[Stored items from a collection]

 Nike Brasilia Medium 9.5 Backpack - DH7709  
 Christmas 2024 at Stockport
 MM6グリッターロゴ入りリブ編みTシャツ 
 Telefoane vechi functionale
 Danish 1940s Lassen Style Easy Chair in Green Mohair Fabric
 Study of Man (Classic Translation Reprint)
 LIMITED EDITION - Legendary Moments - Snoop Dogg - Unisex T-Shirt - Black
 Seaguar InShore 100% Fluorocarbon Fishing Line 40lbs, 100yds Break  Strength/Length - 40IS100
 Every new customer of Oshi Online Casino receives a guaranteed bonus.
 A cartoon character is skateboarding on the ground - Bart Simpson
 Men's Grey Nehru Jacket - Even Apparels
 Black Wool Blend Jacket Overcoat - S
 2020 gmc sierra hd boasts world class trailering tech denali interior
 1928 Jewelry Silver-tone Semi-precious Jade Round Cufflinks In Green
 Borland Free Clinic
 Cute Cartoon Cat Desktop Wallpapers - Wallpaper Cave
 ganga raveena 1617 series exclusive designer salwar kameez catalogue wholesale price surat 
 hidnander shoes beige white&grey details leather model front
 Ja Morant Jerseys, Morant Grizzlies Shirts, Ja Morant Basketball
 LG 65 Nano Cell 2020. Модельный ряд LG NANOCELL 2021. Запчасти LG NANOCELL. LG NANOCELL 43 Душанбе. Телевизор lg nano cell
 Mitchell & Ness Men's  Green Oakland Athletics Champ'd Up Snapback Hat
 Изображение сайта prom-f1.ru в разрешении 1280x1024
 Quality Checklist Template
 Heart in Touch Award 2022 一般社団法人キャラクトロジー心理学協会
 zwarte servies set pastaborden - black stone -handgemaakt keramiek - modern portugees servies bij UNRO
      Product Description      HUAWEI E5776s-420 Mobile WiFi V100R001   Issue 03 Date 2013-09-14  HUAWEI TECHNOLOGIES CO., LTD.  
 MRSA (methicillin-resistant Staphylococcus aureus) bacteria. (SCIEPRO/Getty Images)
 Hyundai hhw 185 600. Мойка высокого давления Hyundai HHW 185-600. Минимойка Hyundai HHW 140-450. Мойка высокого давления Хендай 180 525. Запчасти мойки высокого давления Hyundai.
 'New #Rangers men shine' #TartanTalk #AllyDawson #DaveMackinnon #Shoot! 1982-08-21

EXERCISE DETAILS: Your reply should be nothing but the lines from the one containing "LG 65 Nano Cell" through the last line above, copied exactly; please include both ends.

SOLUTION TO THIS TASK:
 LG 65 Nano Cell 2020. Модельный ряд LG NANOCELL 2021. Запчасти LG NANOCELL. LG NANOCELL 43 Душанбе. Телевизор lg nano cell
 Mitchell & Ness Men's  Green Oakland Athletics Champ'd Up Snapback Hat
 Изображение сайта prom-f1.ru в разрешении 1280x1024
 Quality Checklist Template
 Heart in Touch Award 2022 一般社団法人キャラクトロジー心理学協会
 zwarte servies set pastaborden - black stone -handgemaakt keramiek - modern portugees servies bij UNRO
      Product Description      HUAWEI E5776s-420 Mobile WiFi V100R001   Issue 03 Date 2013-09-14  HUAWEI TECHNOLOGIES CO., LTD.  
 MRSA (methicillin-resistant Staphylococcus aureus) bacteria. (SCIEPRO/Getty Images)
 Hyundai hhw 185 600. Мойка высокого давления Hyundai HHW 185-600. Минимойка Hyundai HHW 140-450. Мойка высокого давления Хендай 180 525. Запчасти мойки высокого давления Hyundai.
 'New #Rangers men shine' #TartanTalk #AllyDawson #DaveMackinnon #Shoot! 1982-08-21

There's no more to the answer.